Design Specs
Benjamin's LinkedIn content documents the thinking behind building better websites, covering topics like client process design, ICP clarity, homepage structure, and conversion mistakes. The posts are aimed at B2B SaaS founders who are ready to invest in their web presence.
His posts follow a consistent two-zone structure: a large, bold headline at the top occupies roughly the upper third of the frame, and the lower two-thirds holds a single central visual. This proportion is applied consistently across all four posts, giving his feed a recognizable rhythm.
The headline zone uses a clear typographic formula:
- Upright Neue Montreal carries the majority of the text at a large display size
- One or two key words are set in PP Editorial New italics, breaking the rhythm and creating a natural emphasis point
- The highlighted word is sometimes further accented with the yellow-green background block
The visual zone is used differently depending on the content type:
- Diagram or framework post: A clean wireframe or flowchart centered on the off-white background, with minimal borders and generous whitespace
- Comparison post: A two-column card layout with labeled headers and bullet-point pain points inside rounded containers
- Social proof post: A screenshot of an actual LinkedIn post with real comments surfaced around it, layered and overlapping at slight angles
Typeface
The type pairing at the core of Benjamin's posts is deliberate and well-matched. Neue Montreal, a contemporary geometric sans-serif, handles all structural text and delivers clean, confident readability at a glance.
PP Editorial New steps in for italic emphasis, and its high-contrast, editorial character creates a visual counterpoint that keeps headlines from feeling flat. The combination reads as modern and considered without being showy, which fits the brand's positioning as a premium but approachable studio.

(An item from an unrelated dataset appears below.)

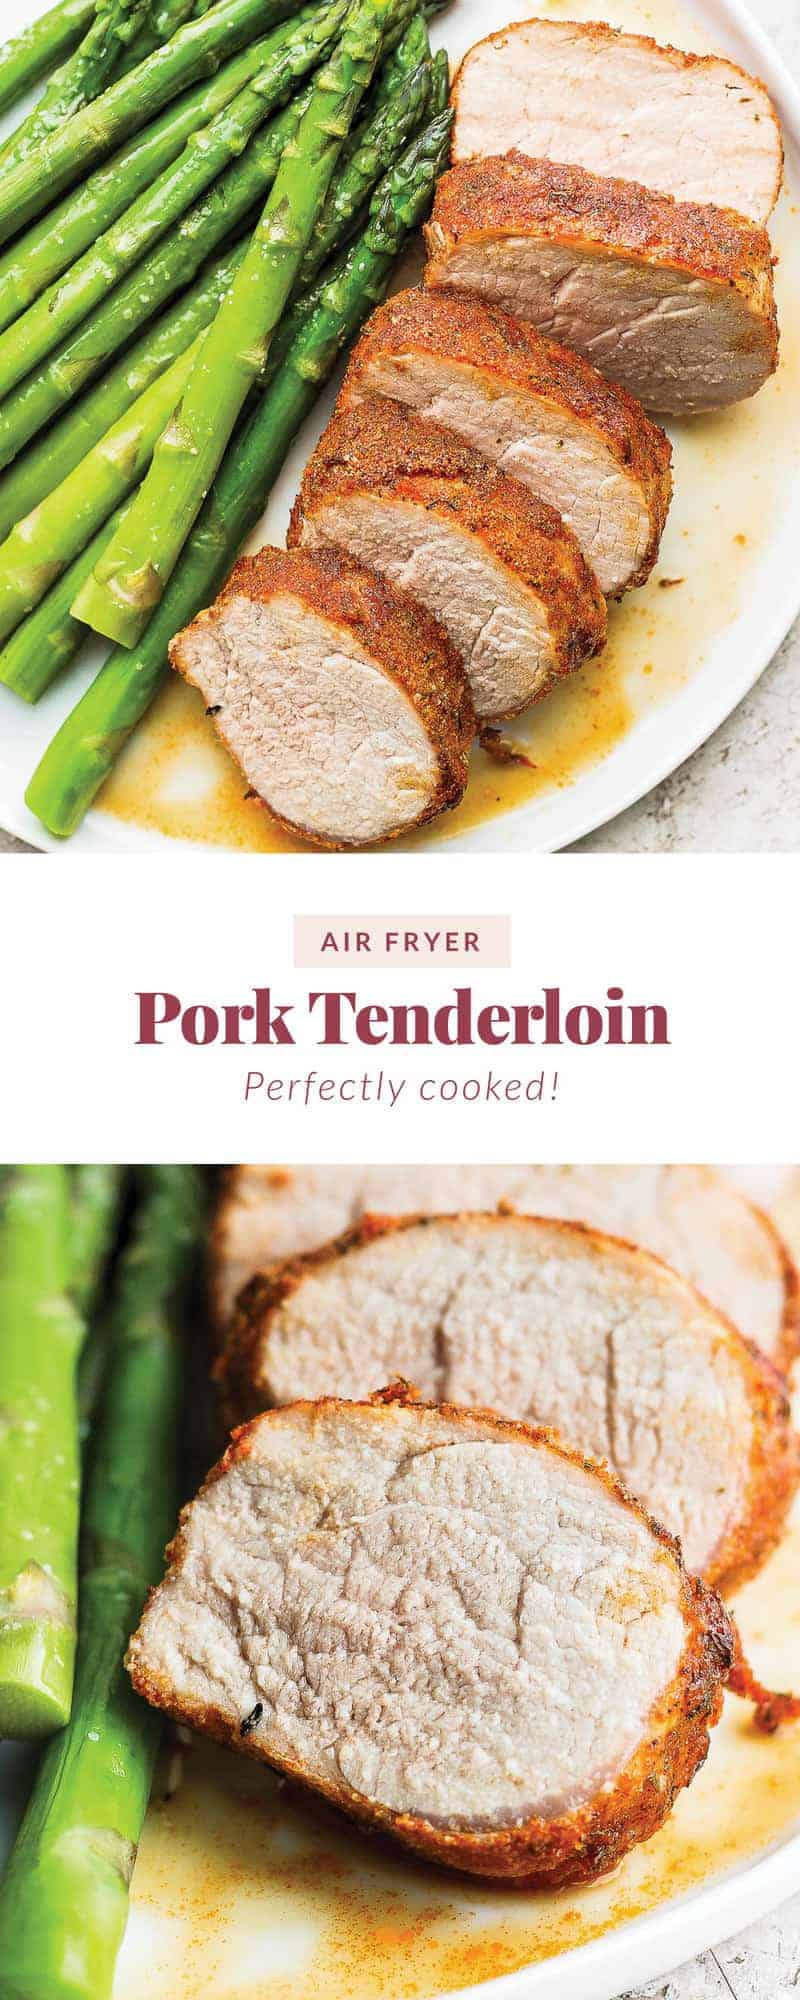 Air Fryer Pork Tenderloin (ready in less than 30!) - Fit Foodie Finds

The contrast between the two faces does a lot of work, drawing the eye to the word or phrase being stressed before the reader even processes the full headline.
Headings
Neue Montreal (upright) + PP Editorial New (italic accents)Paragraph
Neue MontrealColor
The palette is a study in restraint. A warm off-white background
#FBF7EE
and a near-black text
#1B1A18
create a high-contrast pairing that reads more like print than screen.
The warmth in both tones keeps the posts from feeling cold or clinical. One accent color, a yellow-green, appears selectively as a highlight behind specific words and on interactive UI elements within diagrams. It pops sharply against the warm neutrals, directing the eye without disrupting the overall calm of the composition.
Headings
#1B1A18
Paragraph
#1B1A18
What We Like
Benjamin Brühl's LinkedIn visuals reflect exactly what Alrdy sells: the ability to make something look considered, clear, and premium without overcomplicating it. The posts practice what they preach, which is rare and worth noticing.
The overall visual identity feels closer to editorial design than social media content. The warm parchment background, the serif italic accents, and the structured diagram style give the content a consistent premium feel. Nothing looks rushed or templated.
- 1. Pair two typefaces with different personalities, not weights. One for structure, one for emotional emphasis only.
- 2. Use warm off-white over pure white. It reads as intentional and stands out against cooler feeds.
- 3. A single saturated color used 2 or 3 times per post carries far more visual authority than a multi-color palette. The moment your accent appears everywhere, it stops attracting the desired attention to key elements.
- 4. Give diagrams thin borders and generous internal padding. Fewer elements, more breathing room.
- 5. Treat headline and visual zones as two separate compositions that happen to share a canvas.- 6. When layering screenshots, keep angular offsets subtle. 3–5 degrees maximum, with the central element anchored flat.